RCSB PDB Help
Search and Browse > Advanced Search
Chemical Similarity Search
Introduction
The Chemical Similarity search allows you to find small molecules in the PDB archive that are similar to your query. These molecules are defined in the
Chemical Component Dictionary (CCD) and the
Biologically Interesting Molecule Reference Dictionary (BIRD). You can search using properties such as molecular formula or chemical descriptors.
You can use this search to find chemical components (for example, drugs, inhibitors, modified residues, or building blocks such as amino acids and nucleotides) that:
- are similar to the query formula or descriptor (e.g., differing by one or two atoms or functional groups),
- contain the query formula or descriptor as a substructure within a larger molecule, or
- exactly or very closely match the query formula or descriptor.
Documentation
You can access the Chemical Similarity search from the Chemical Search interface. This is the default form for chemical searches. In addition to defining similarity criteria, you can refine your query with text-based filters using metadata associated with small molecules by clicking the Chemical Attributes button.
How to Provide a Query
There are several ways to define a chemical query in the Chemical Similarity search.
Chemical Structure
You can enter either a SMILES or an InChI descriptor to define your chemical structure query
- SMILES (Simplified Molecular Input Line Entry Specification) are chemical notations that allow representation of chemical structures in a way that can be used by the computer. Beyond chemical element symbols, SMILES include a linear notation of molecular structure, including information about bond orders, ring structures, and stereochemistry. Note that SMILES generated by different software may be slightly different.
- InChI (International Chemical Identifier) is a standard textual identifier, developed by IUPAC (International Union of Pure and Applied Chemistry) and NIST (National Institute of Standards and Technology), to represent the chemical structure of molecules. This descriptor stores layers of information about the molecules atoms, bond connectivity, stereochemistry, charge etc.
Note: For the same chemical structure, results may differ depending on whether you use SMILES or InChI as the search input.
- SMILES is a simple, compact representation of the chemical structure. It encodes a chemical structure as a linear string of characters representing atoms and their connectivity. It does not standardize tautomers, resonance forms, or stereochemistry. It captures:
- Atom types
- Bond connectivity (single, double, triple)
- Ring closures
- Branching
- InChI is a standardized identifier that encodes more structural details, including:
- Atom connectivity and hydrogen placement
- Stereochemistry (chiral centers, cis/trans double bonds)

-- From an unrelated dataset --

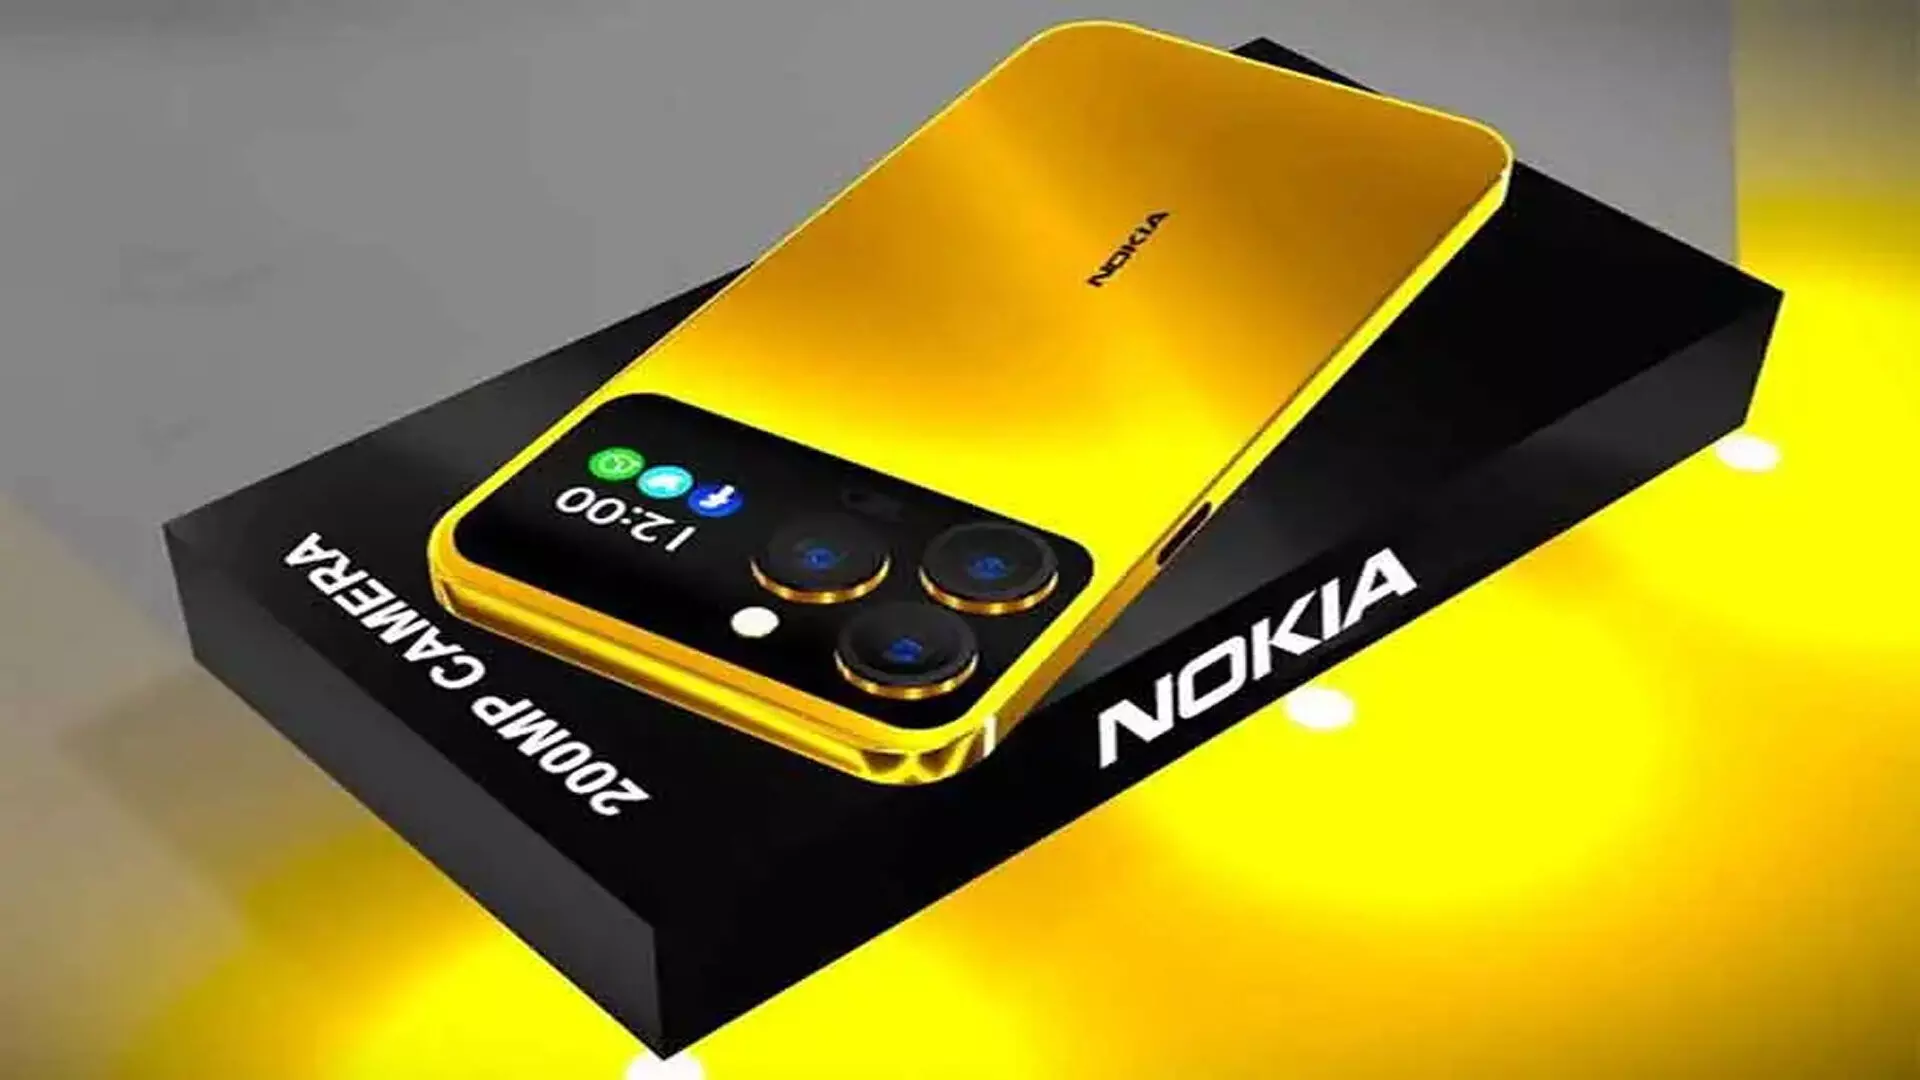 Nokia 1100: इसमें मिल रही 6200mAh बैटरी बैकअप, जानिए फीचर्स

- Tautomers (standardized forms to reduce ambiguity)
- Isotopes, charges, and protonation states
- Standardization ensures that the same molecule always produces the same InChI
Using the standard InChI typically provides greater specificity, resulting in fewer but more precise matches. Depending on whether you want to see more matches (use SMILES) or more specific matches (use InChI), you can select the descriptor that best fits your search goals.
Note: The chemical similarity search descriptor is converted into one of the following a 2D representation for search:
- fingerprints are ordered sets of binary digits (bits) that encode specific physicochemical and/or structural properties of the molecule, such as the presence of common functional groups or ring systems.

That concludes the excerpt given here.